30/05/2026
It’s time for a Journey to Justice JEWEL. 💎 💎Like other jewels, we hope ours prove to be valuable in helping our followers dealing with a loved one diagnosed with Alzheimer’s or a dementia.
QUESTION: My loved one with Alzheimer’s repeatedly tells me, “I want to go home.” What do I do?
Why are they doing this?
First, you must understand that a request to go home, from a dementia individual, is usually a request that they are seeking COMFORT rather than going somewhere.
Please continue reading for suggestions to help you though this stressful situation.
First and most importantly, DO NOT try to use reason and logic with them. This will only serve to escalate the situation. Then, you will be dealing with an angry, agitated loved one. Nothing good will come from you telling them “this IS your home” or “you live HERE now.”
Secondly, don’t be afraid to agree with their request. You can agree by telling them, “Sure we can do that, but since it’s lunch time, let’s eat lunch first.” This helps to validate that you are not telling them NO and they are not wrong. Then, after agreeing, you can subtly begin the process of distracting and redirecting their attention.
Through the entire conversation, try to stay CALM. If you stay calm, they will begin to calm down, too. If your loved one has always enjoyed a good hug, now may be the time to provide this needed comfort. Telling my Mother how much I love her and that she is “my best friend” often puts a smile on her face and diverts her thoughts about “going to Grandma’s house.” Giving her a treasured item in her room, a stuffed teddy bear, old pictures, a card from a loved one that she begins reading can also divert her to a place of comfort and change the trajectory of her thoughts.
Another approach to divert these thoughts to “go home” is to ask the person to tell you about their home. After awhile, this may allow you to maneuver the conversation to another topic where they feel comforted and content.
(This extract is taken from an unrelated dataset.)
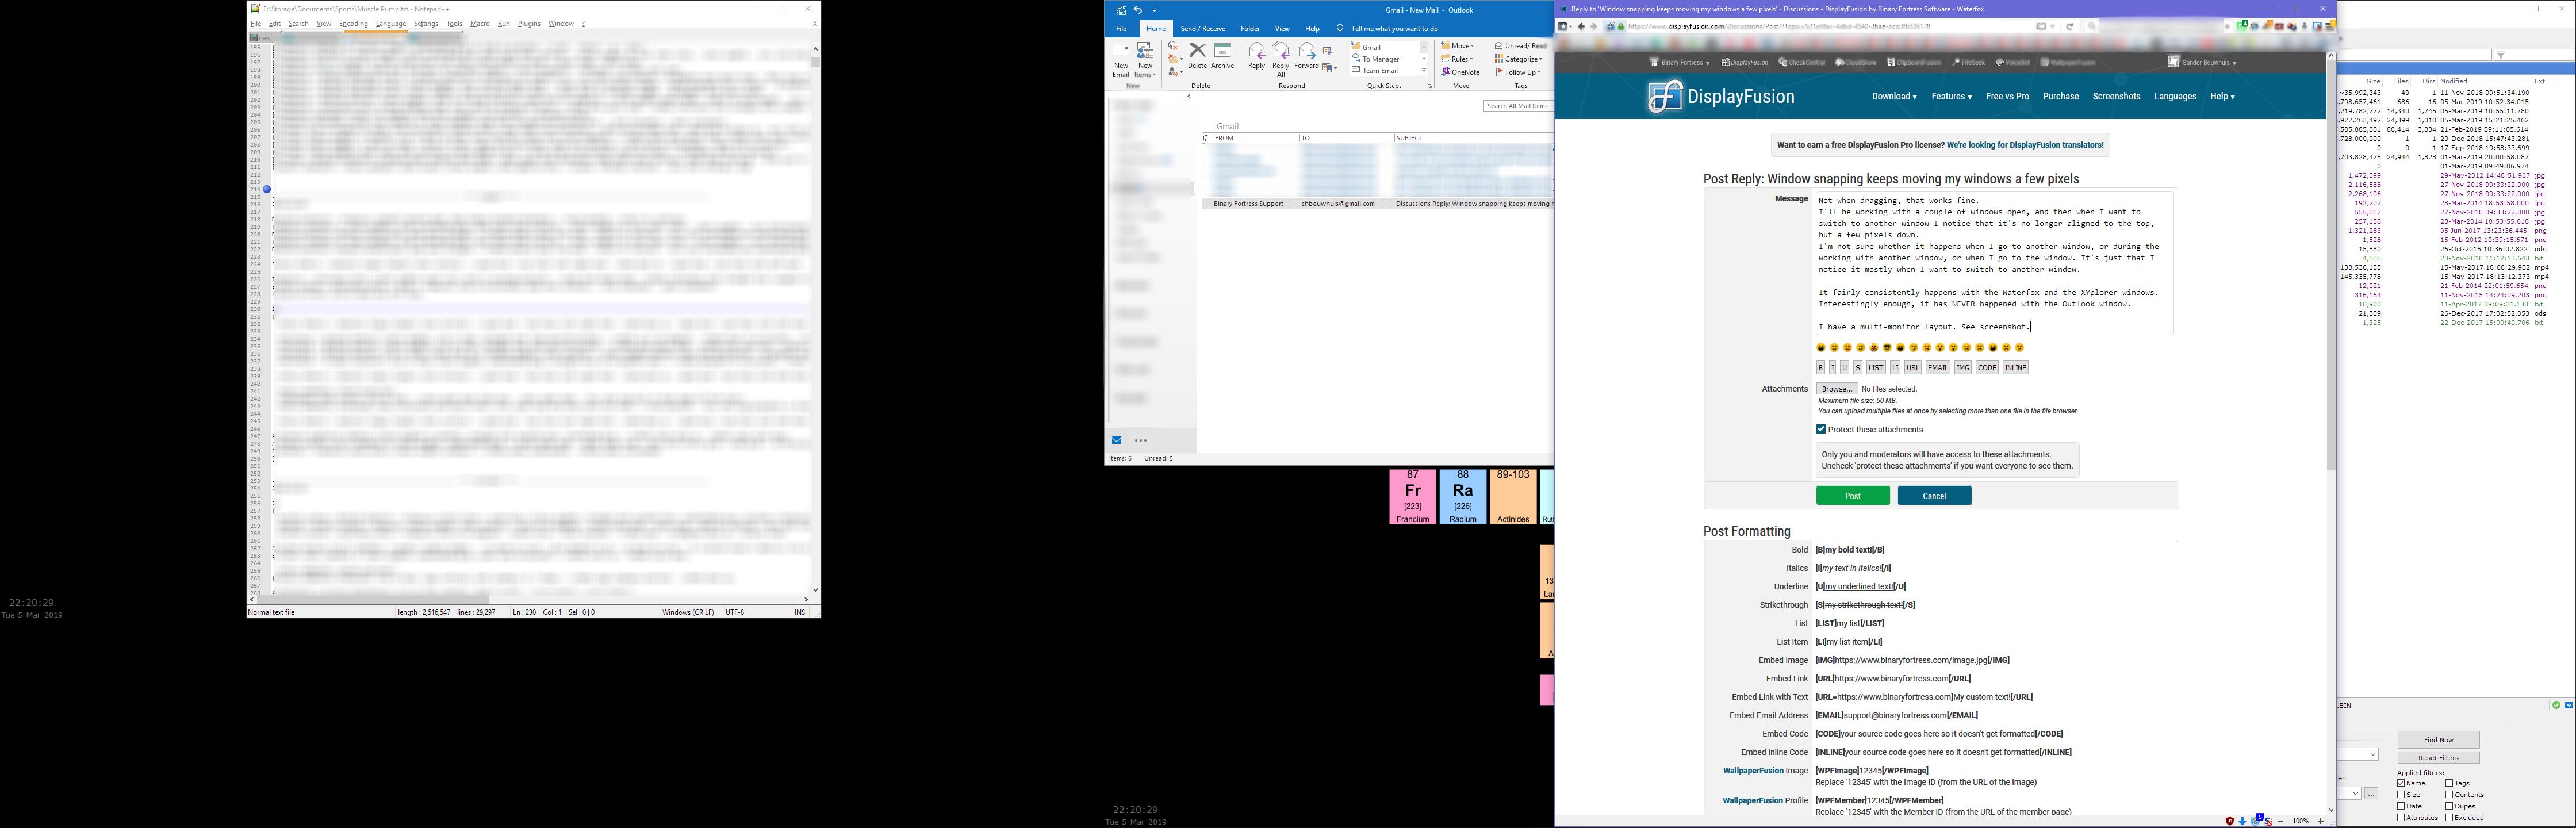 Desktop both monitors.png

If your loved one remains focused on “going home” and nothing has worked, you may want to take them on a brief car ride. When my dear Mother in-law remained focused on “going home”, we did just that. She thoroughly enjoyed the drive (and the ice cream cone). Driving past her home, she showed no recollection of this being her home. However, the change in scenery, the conversation, and of course the ice cream cone, brought her the comfort she was obviously seeking.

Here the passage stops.